The Nurse’s Role in Child Development

Since a child’s youngest years are the most determinant, it is important to follow his or her development and living conditions with great attention. For this, nurses are on the front line to detect a problem as well as to support and advise the parents.

The first five years of a life are the most crucial in the emotional and psychological development of children. So it is essential that medical follow-up begins in early childhood. The earlier a developmental problem is identified, the faster it can be corrected.

In Quebec, 27% of children from 0 to 5 years old have a developmental vulnerability. With the right interventions, two-thirds of vulnerabilities can be prevented before entering school. Good follow-up can prevent a vulnerability from taking root and continuing to delay the child’s education.

Nurses are the health professionals most involved with those under five years old. As privileged witnesses of the pivotal moments of development, their role is crucial. Nurses Patricia Germain and Catherine Vandemeulebrooke devoted an article on the subject in May 2019 in the journal of the Ordre des infirmières et infirmiers du Québec.

Assessment

In this article, they describe how nurses work for the child’s development, and also support the parents. A child’s development has five aspects: physical health and well-being, social skills, emotional maturity, cognitive and language development, communication skills and general knowledge.

These indices allow nurses to assess whether or not a child will need adaptation to access pre-school education. While taking parents’ emotions into account, they can make them reflect on the strengths and weaknesses of their little one, as well as encourage them to adjust.

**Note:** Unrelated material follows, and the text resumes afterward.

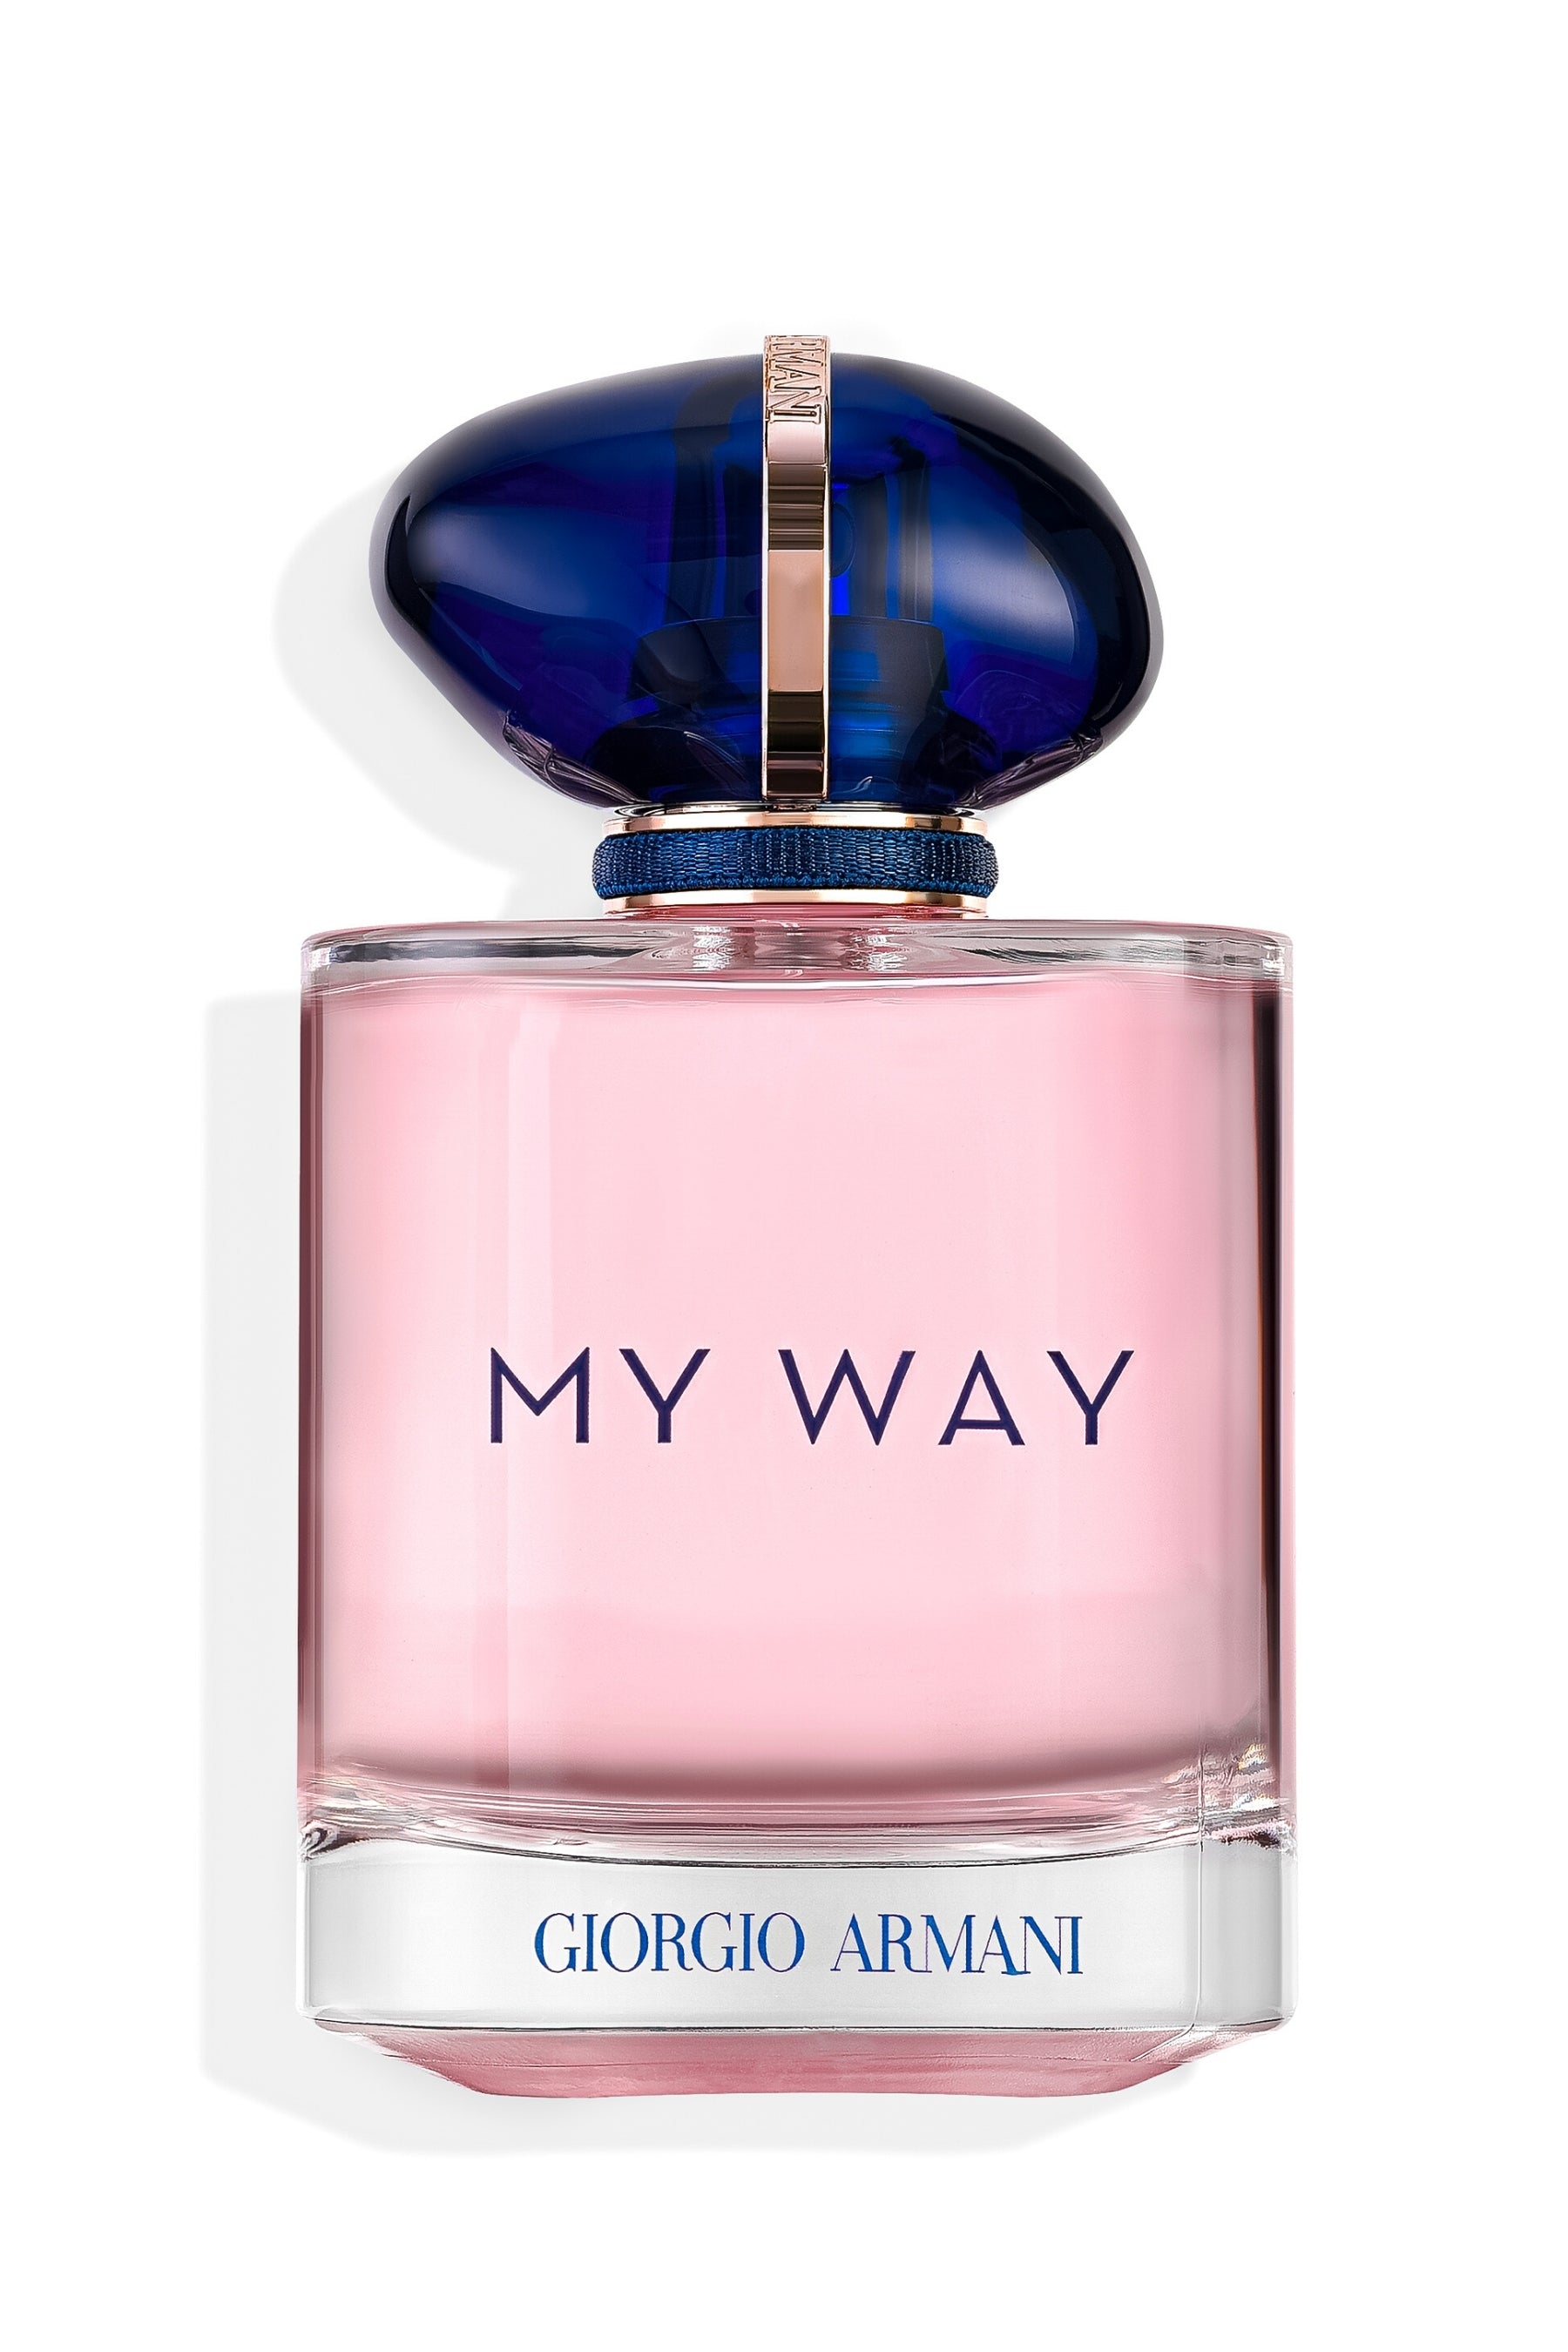 Armani My Way Parfum - 3.0 oz

For example, they can encourage them to read, talk and sing. “There is a strong link between early reading activities and prevention of language and academic difficulties,” Catherine Vandemeulebrooke and Patricia Germain stress.

Lack of resources

In addition, nurses have an even more important role with parents who do not have a family doctor, as well as with the most disadvantaged. The rate of children with a developmental vulnerability reaches 33% in less affluent settings.

However, Catherine Vandemeulebrooke and Patricia Germain point out that there are factors that can complicate prevention and monitoring of developmental delays. These include lack of time, knowledge or training, in addition to difficulties in accessing resources.